Please reproduce the entries exactly, skipping each picture.
======== RECORDS FOR PROCESSING
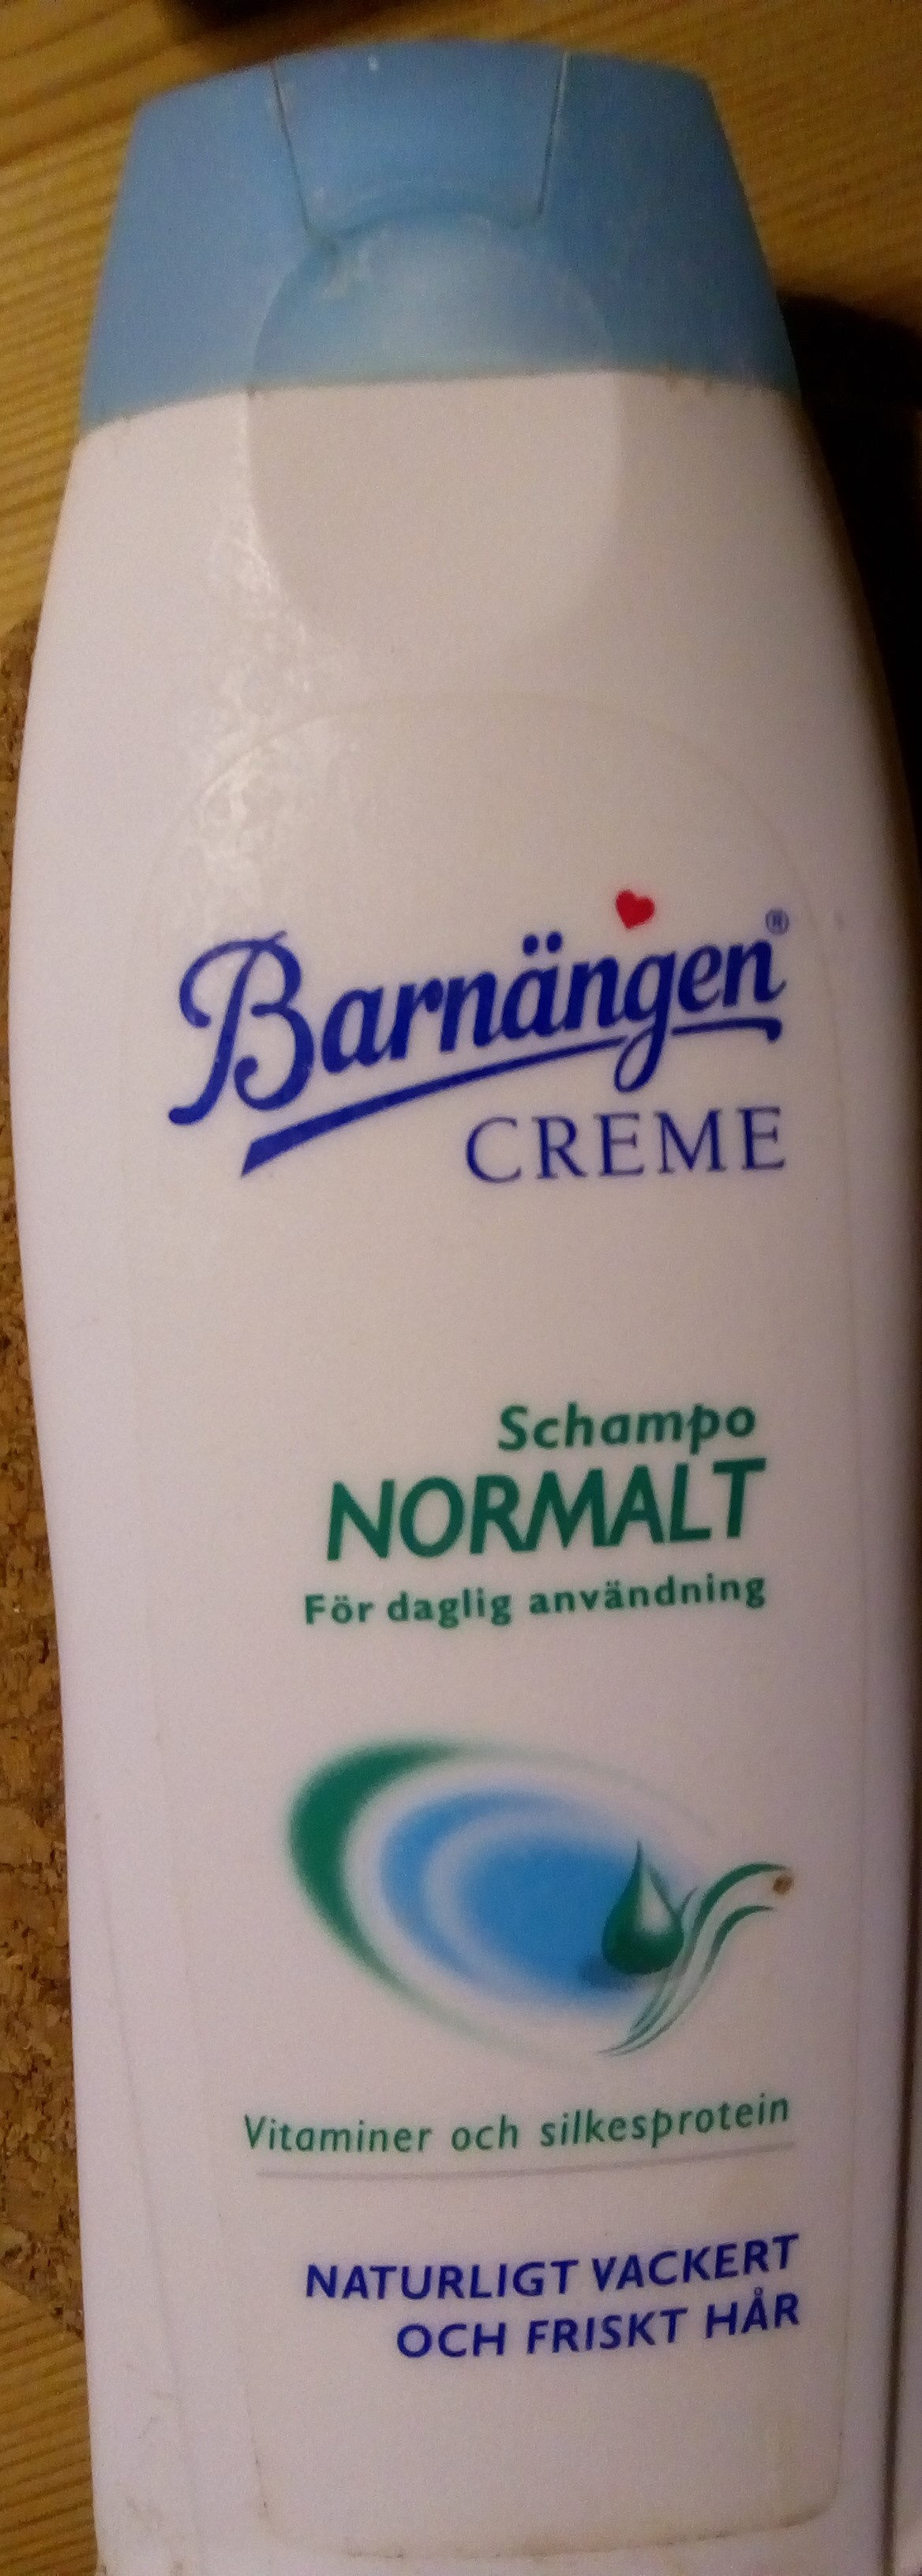 Barnängen schampo normalt - Produkt - sv
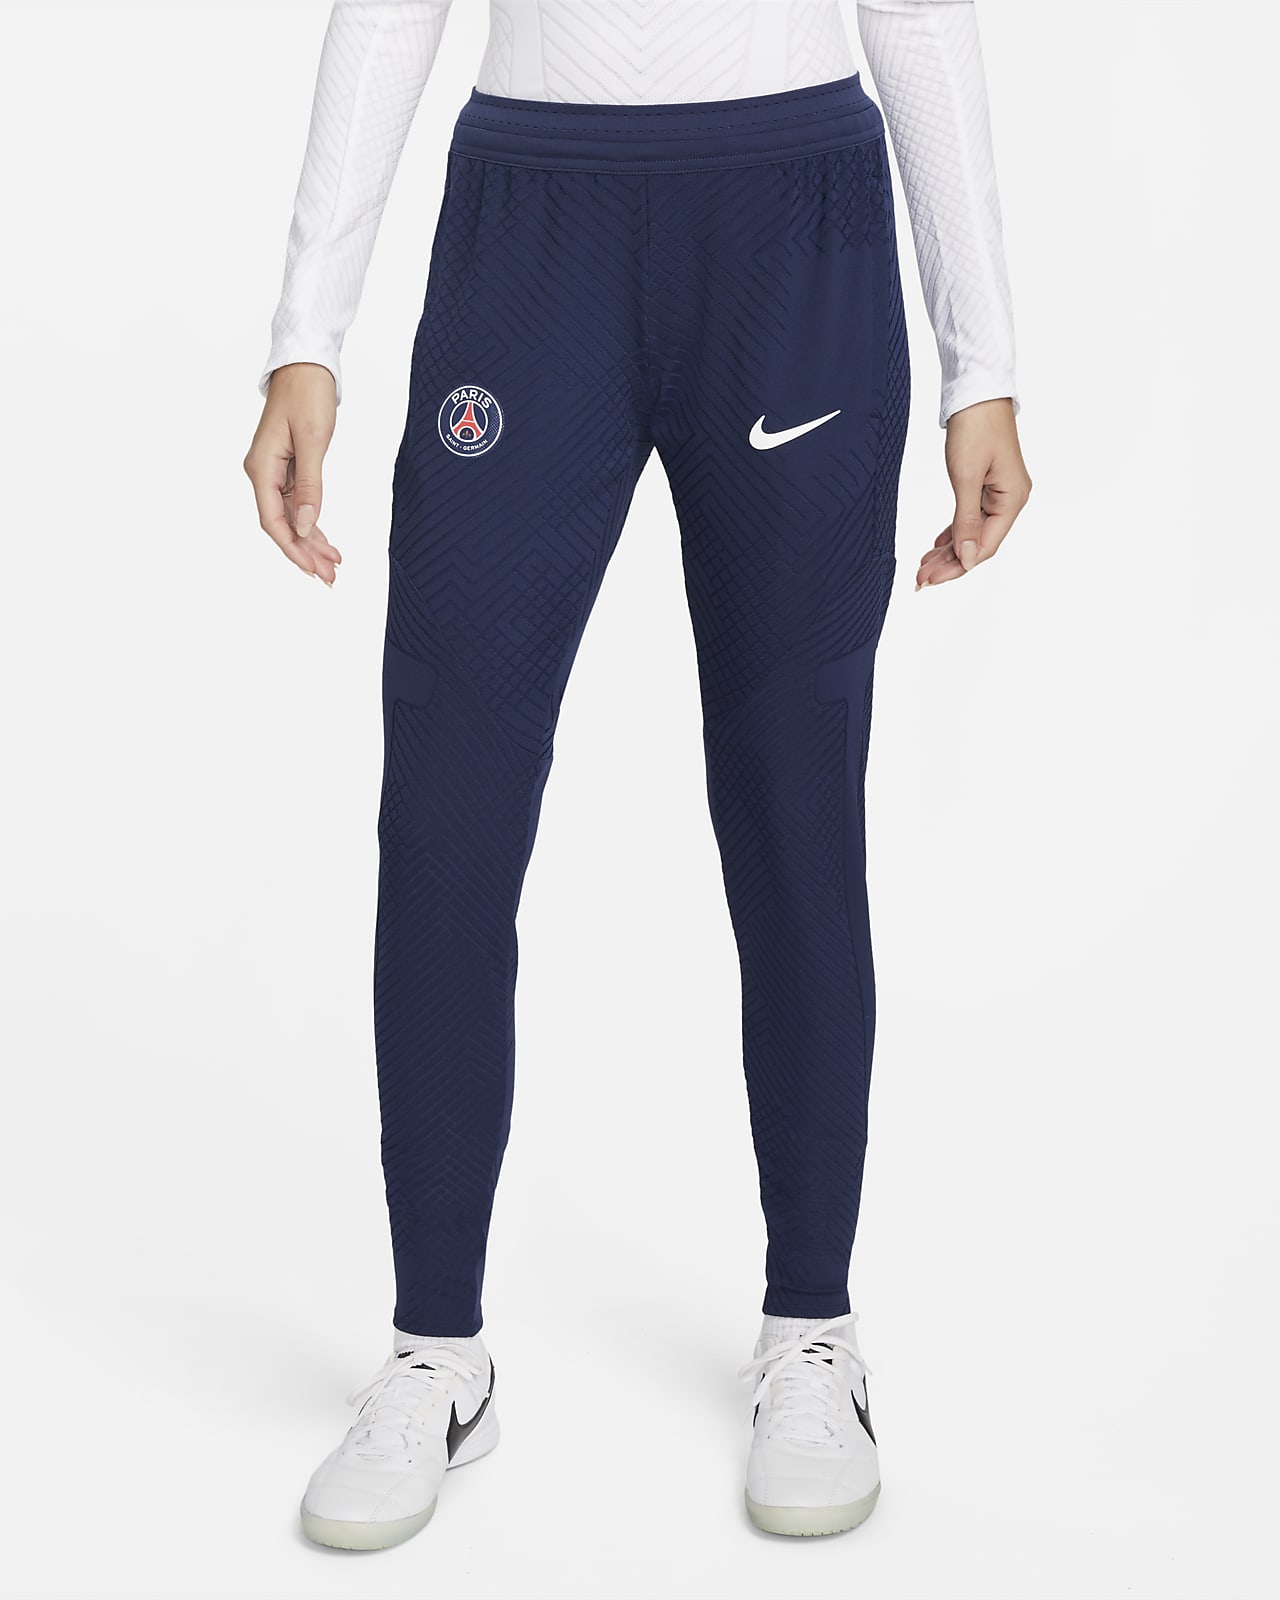 Festival Planeet delicatesse Paris Saint-Germain Strike Elite Nike Dri-FIT ADV voetbalbroek voor dames.  Nike BE
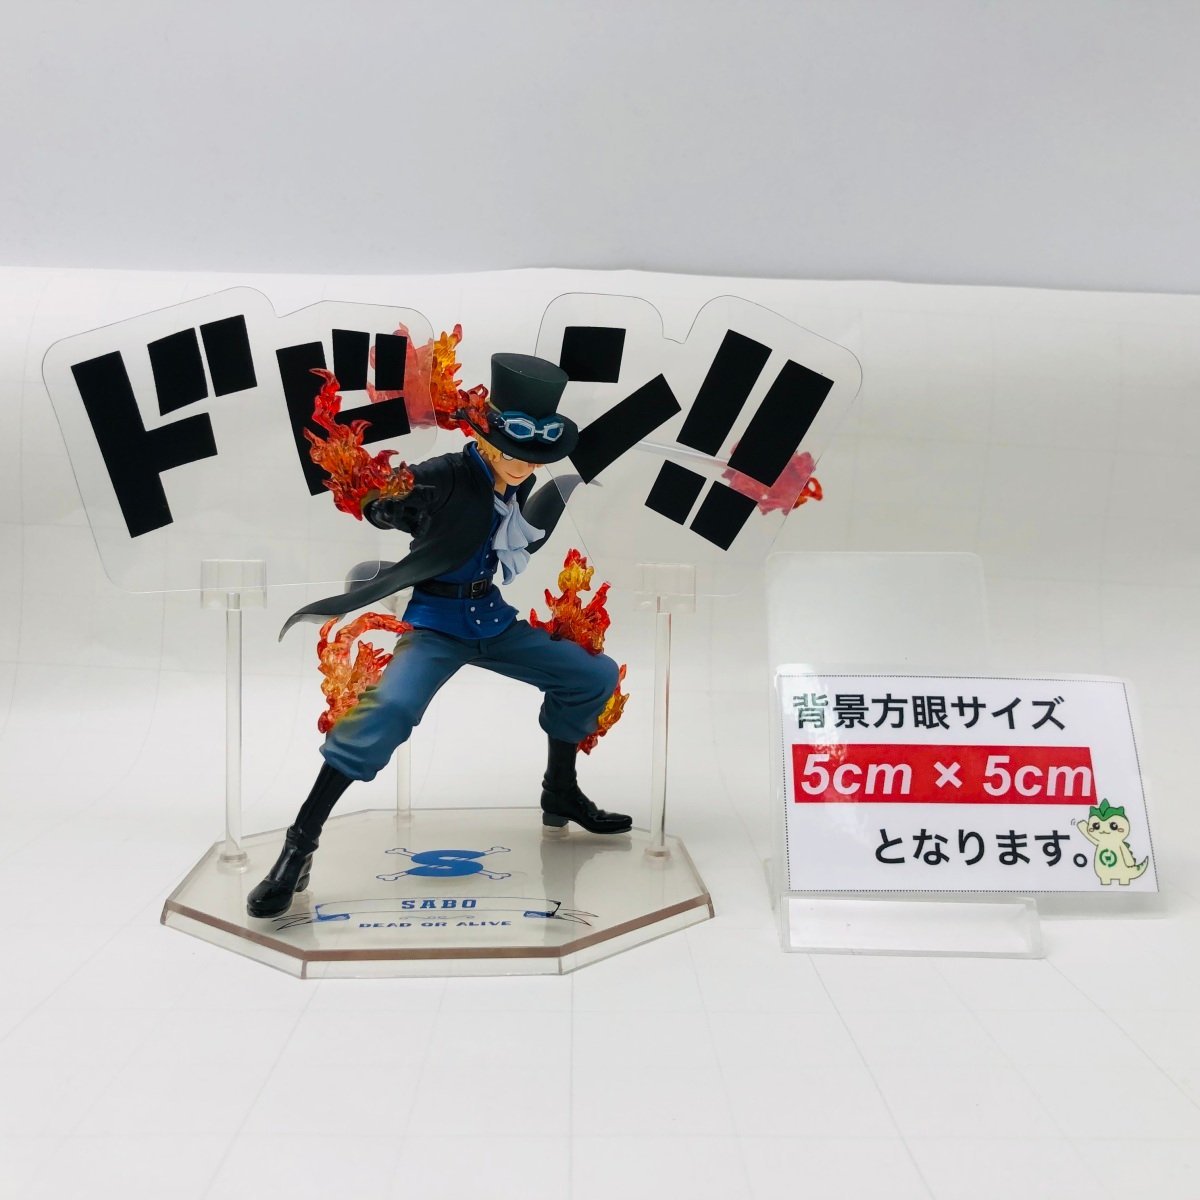 中古品 Figuarts ZERO フィギュアーツ ゼロ ワンピースサボ 5th Anniversary Edition_画像2
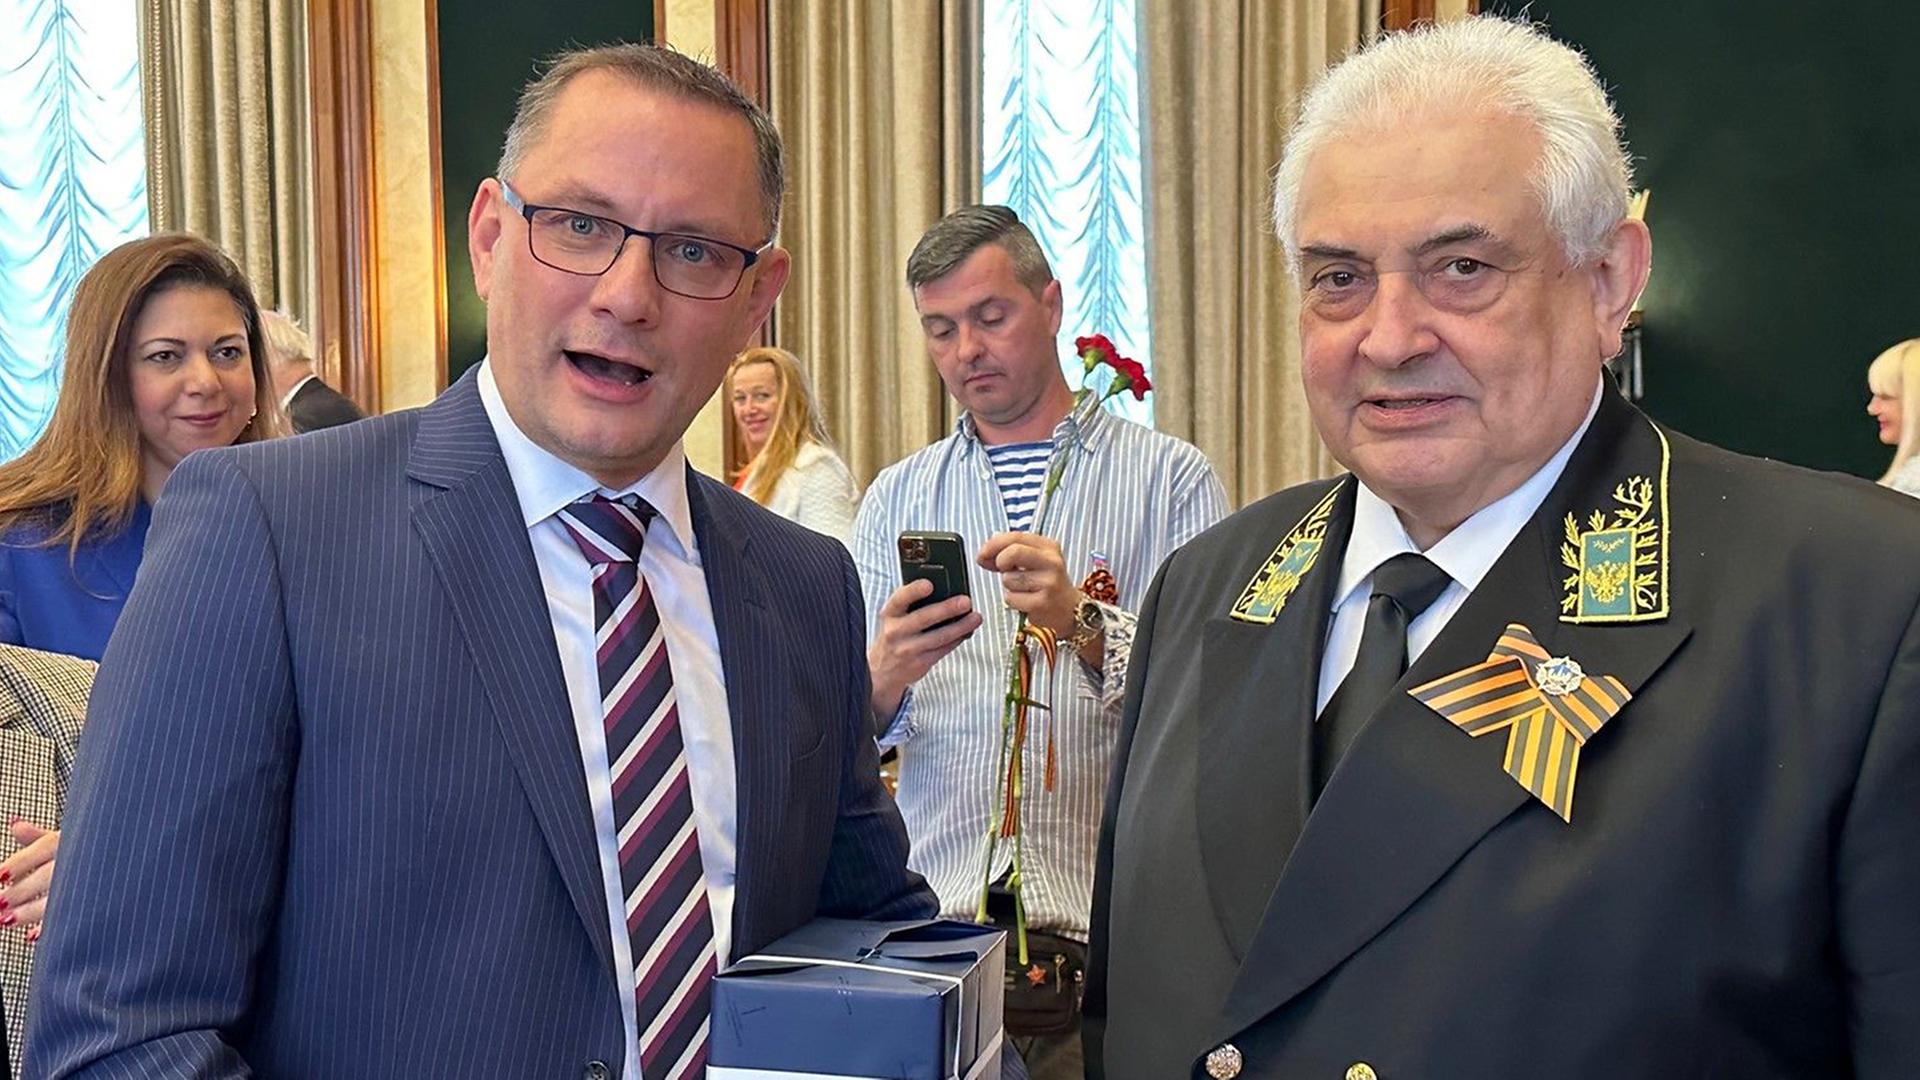 Der AfD-Vorsitzende Tino Chrupalla überreicht dem russischen Botschafter in Deutschland, Sergej Netschajew, ein Geschenk (undatierte Aufnahme)
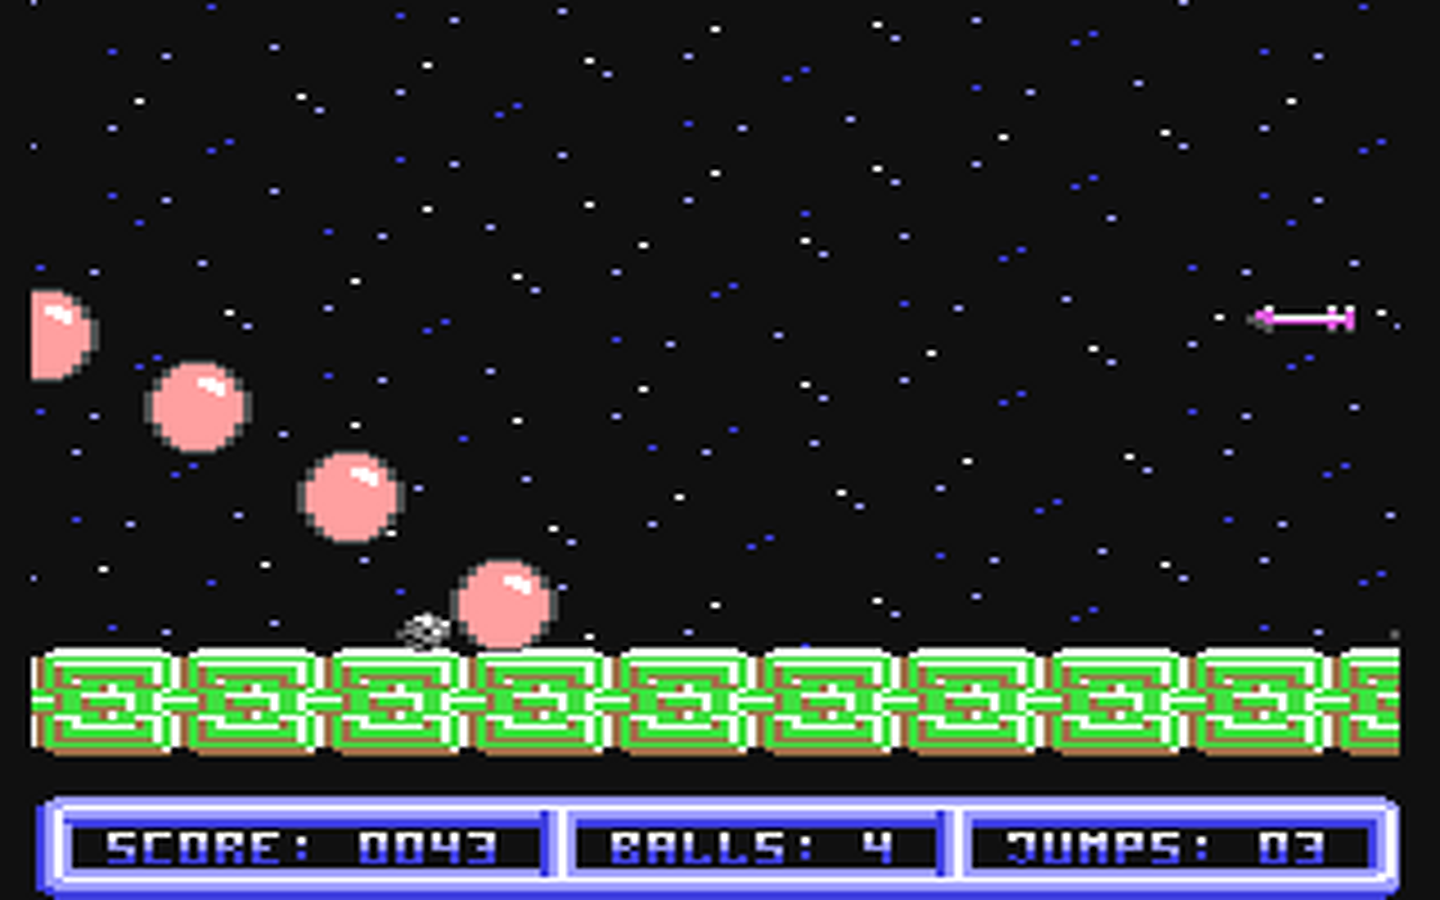 C64 GameBase Space-Ball Markt_&_Technik 1989
================
#### WORKED SOLUTION:
 Barnängen schampo normalt - Produkt - sv
 Festival Planeet delicatesse Paris Saint-Germain Strike Elite Nike Dri-FIT ADV voetbalbroek voor dames.  Nike BE
 中古品 Figuarts ZERO フィギュアーツ ゼロ ワンピースサボ 5th Anniversary Edition_画像2
 Der AfD-Vorsitzende Tino Chrupalla überreicht dem russischen Botschafter in Deutschland, Sergej Netschajew, ein Geschenk (undatierte Aufnahme)
 C64 GameBase Space-Ball Markt_&_Technik 1989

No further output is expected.